Word for word, repeat the data that follows. Do not include the pictures.

Information provided.
*** Begin section ***
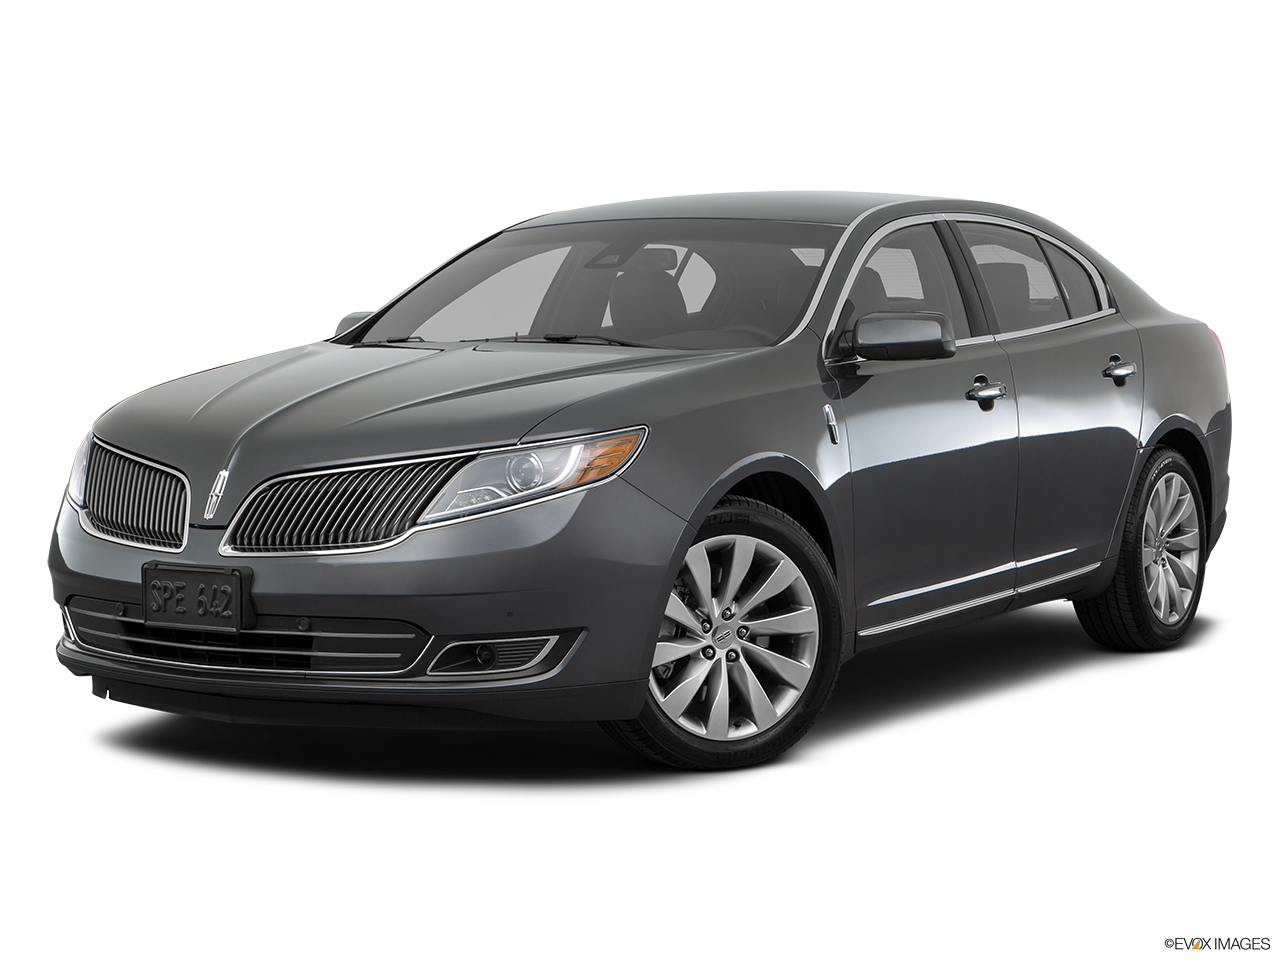 Test Drive A 2016 Lincoln MKS at Galpin Lincoln in Los Angeles
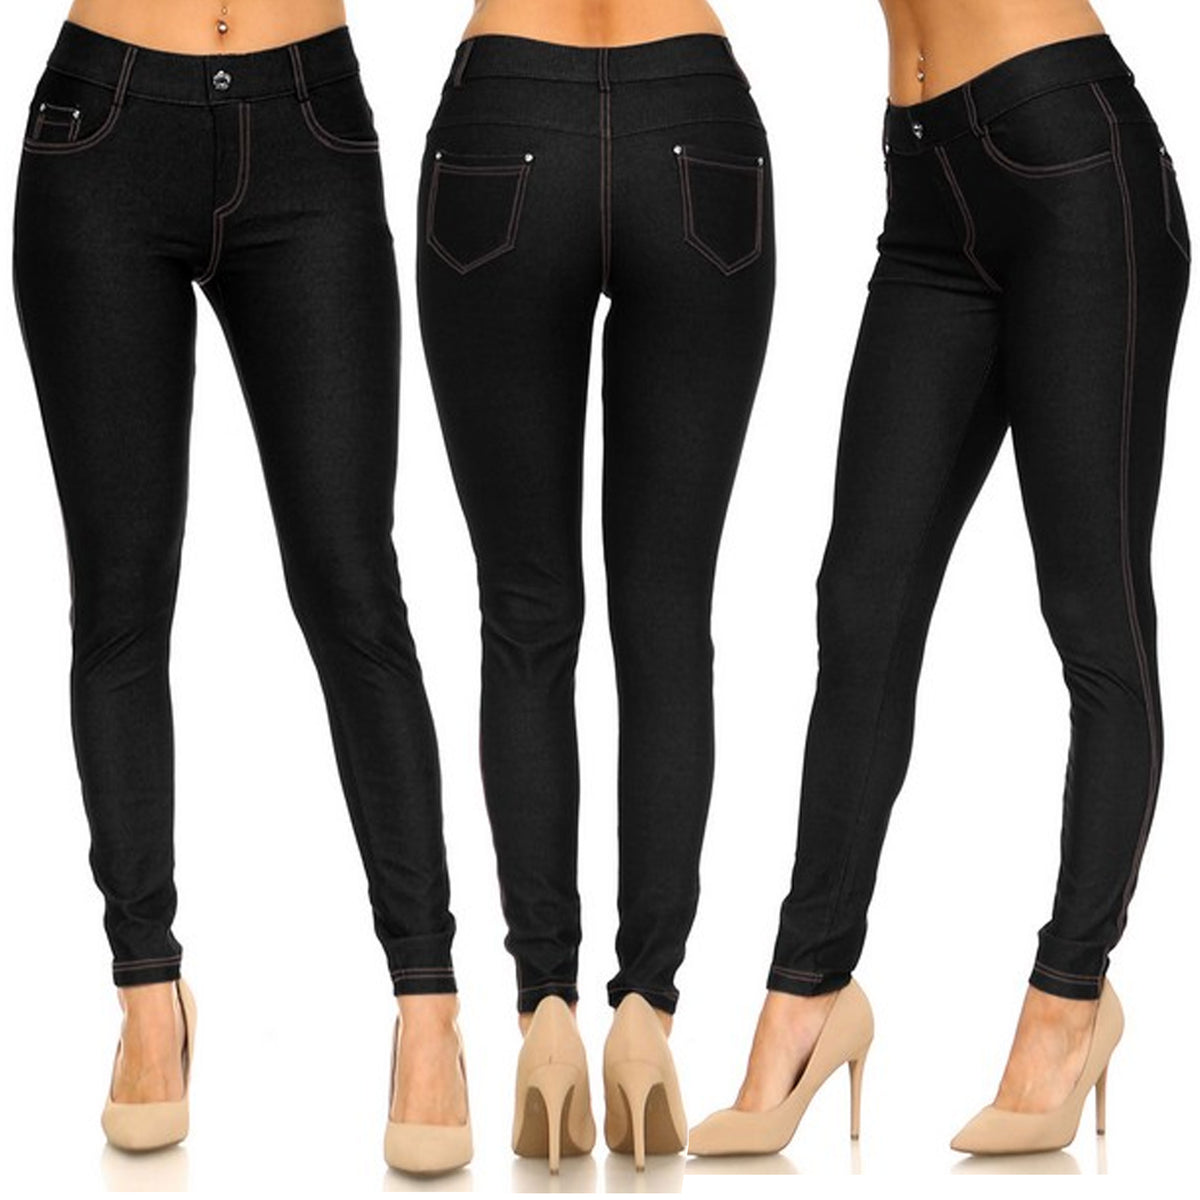 Buy Voglily Jean Leggings for Women Denim High Waisted Yoga Pants Stretch  Jean Look Jeggings Tights (Black,S) at
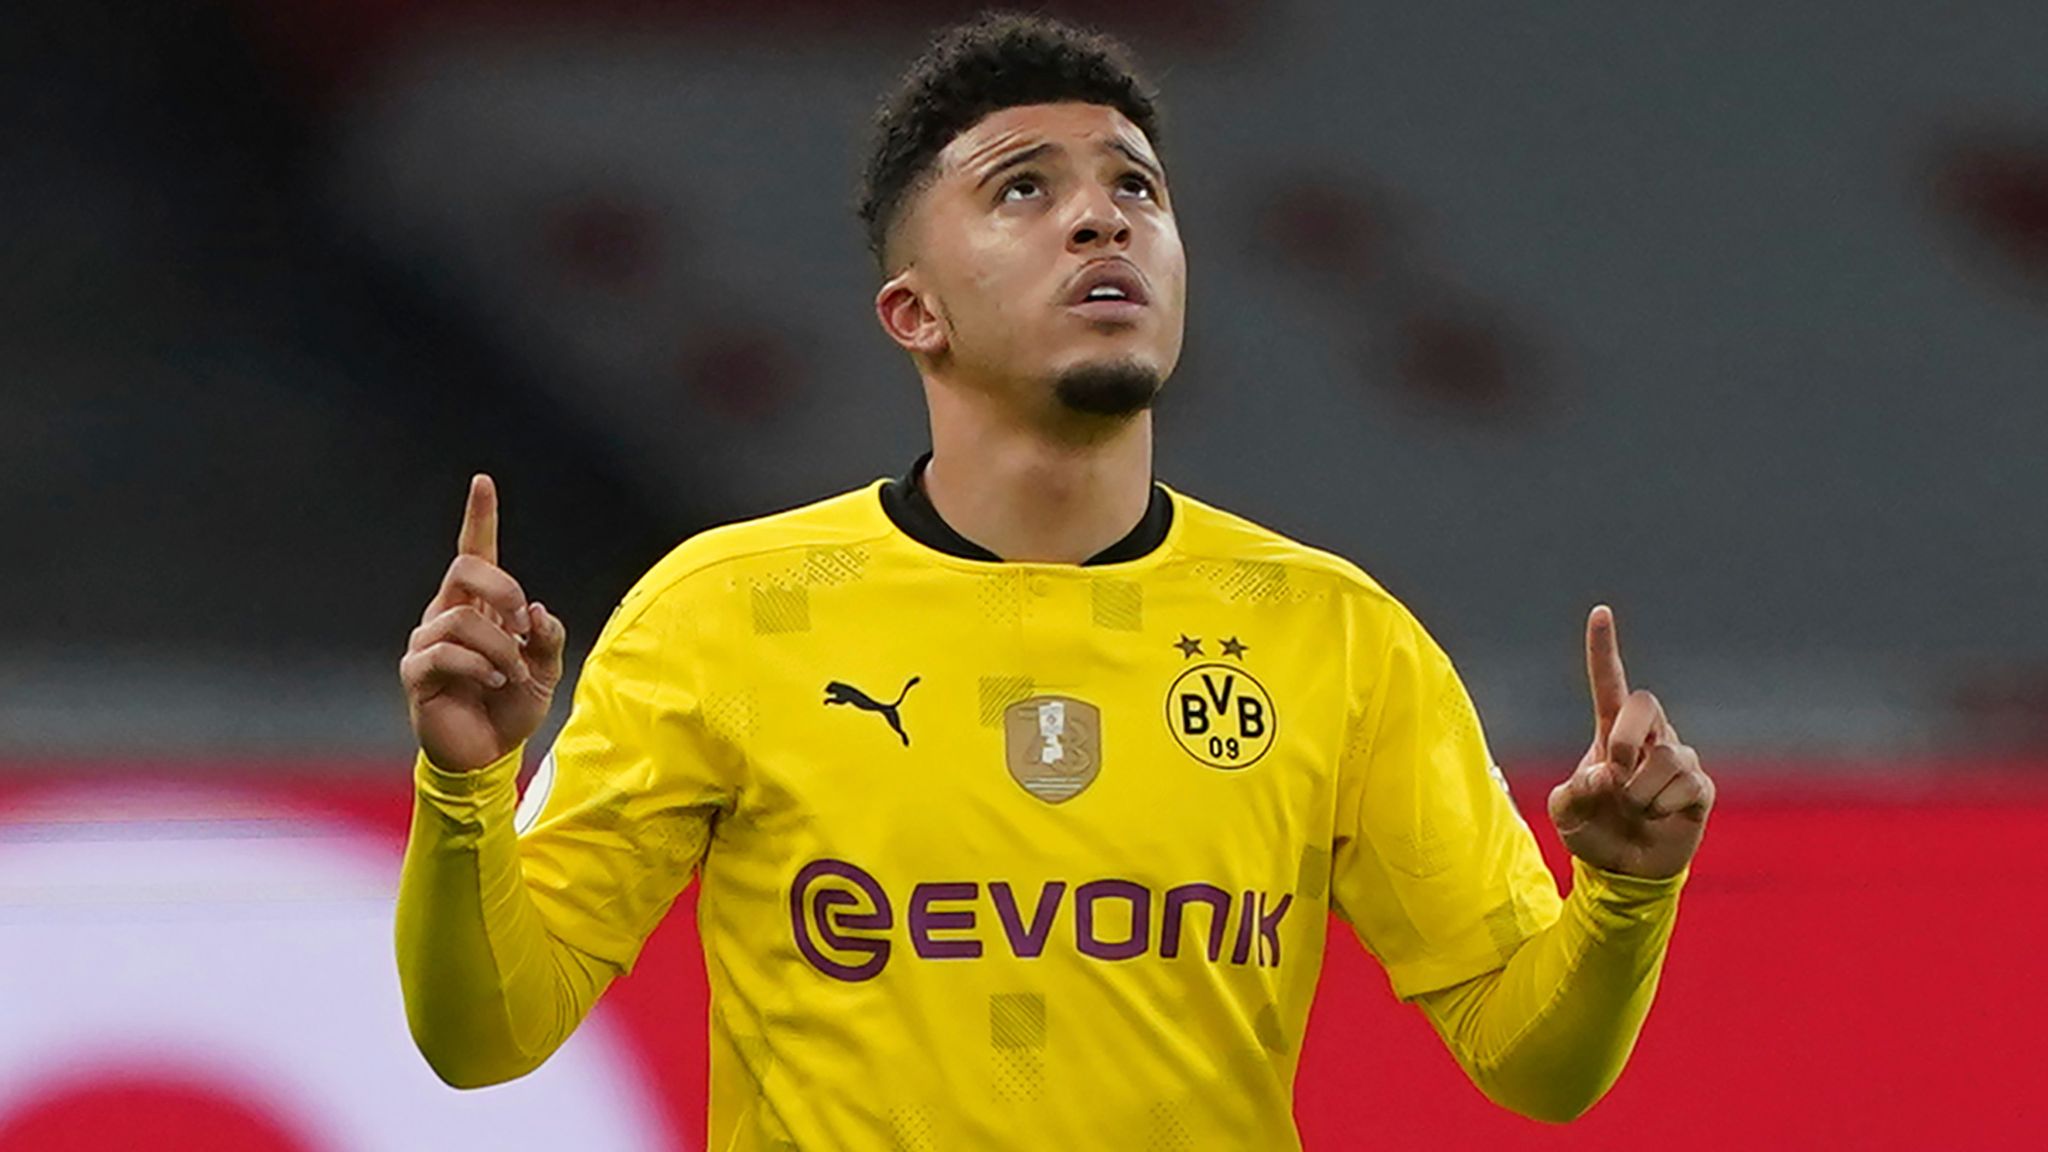 Manchester United agree £77m asking price for Sancho, deal to be finalised soon
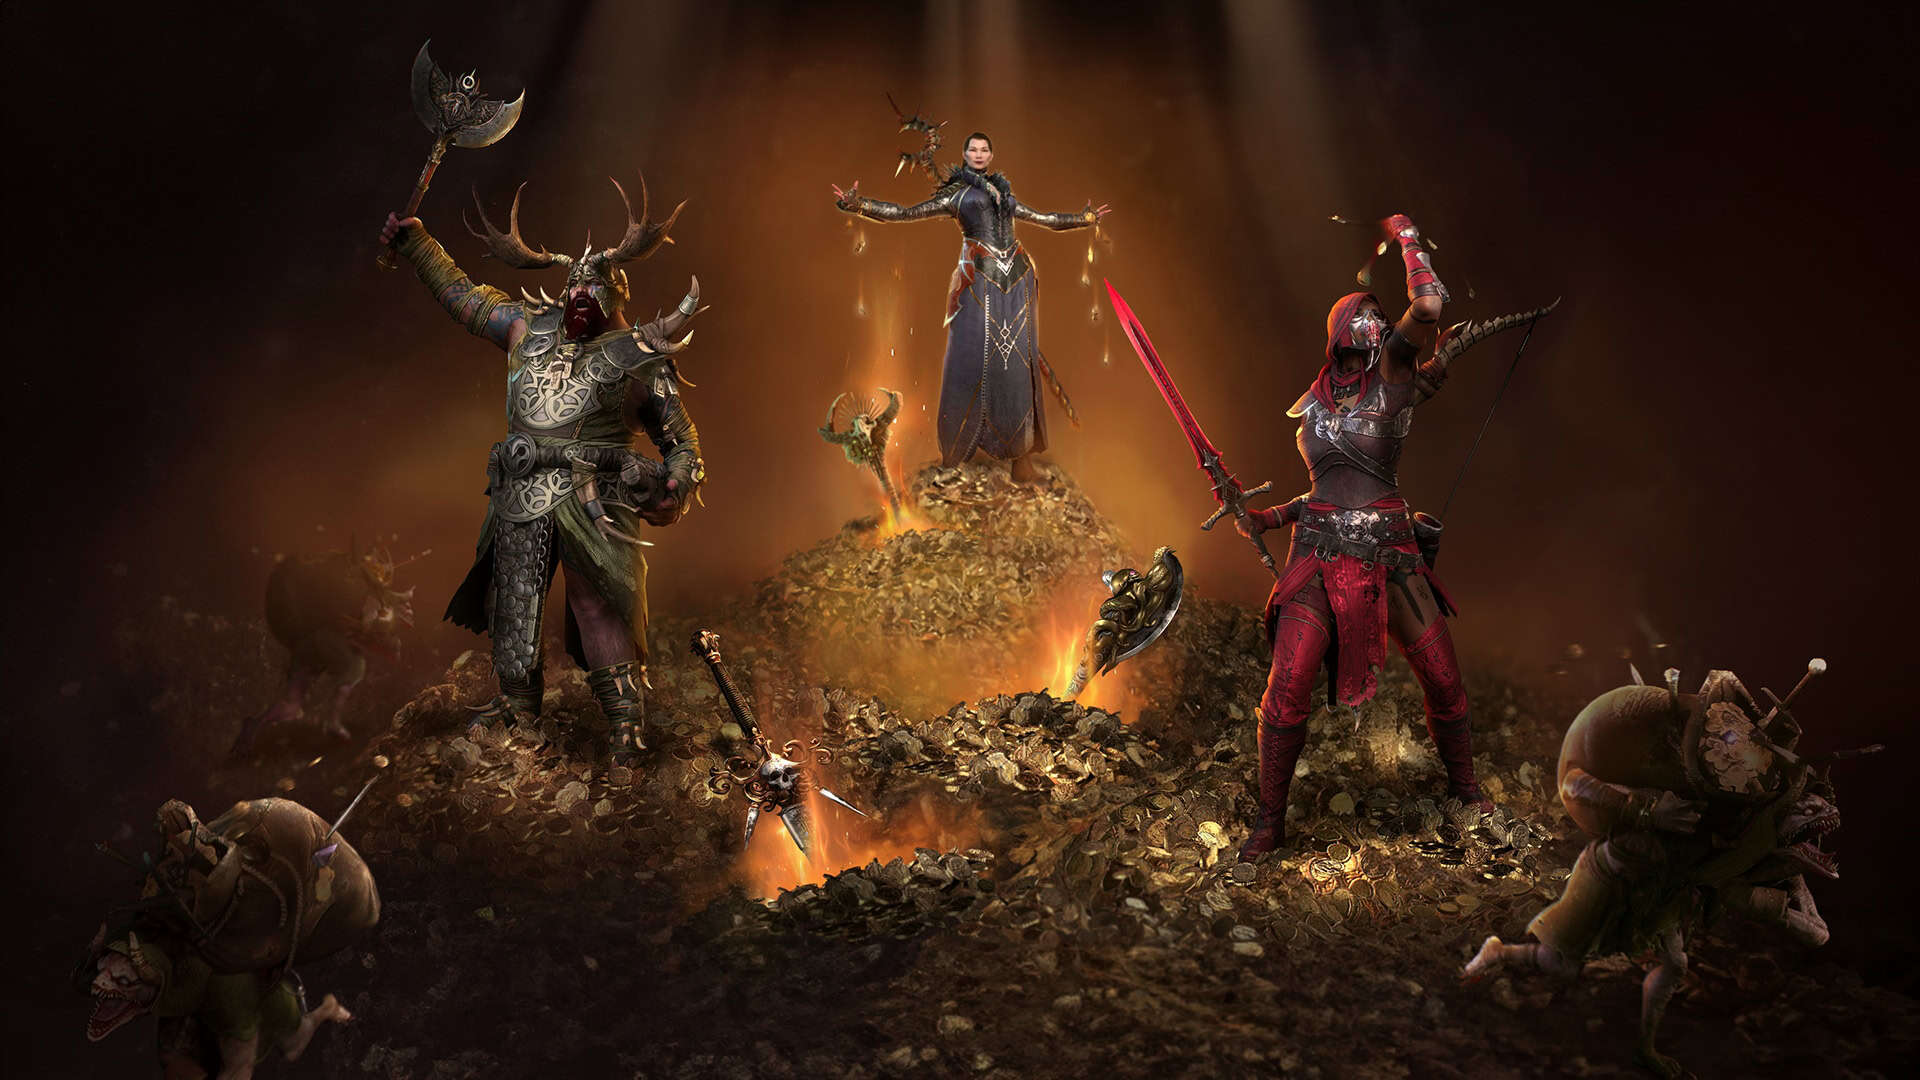 Diablo IV turns one and celebrates with in-game freebies and events
*** End section ***
Solution to the exercise.
 Test Drive A 2016 Lincoln MKS at Galpin Lincoln in Los Angeles
 Buy Voglily Jean Leggings for Women Denim High Waisted Yoga Pants Stretch  Jean Look Jeggings Tights (Black,S) at
 Manchester United agree £77m asking price for Sancho, deal to be finalised soon
 Diablo IV turns one and celebrates with in-game freebies and events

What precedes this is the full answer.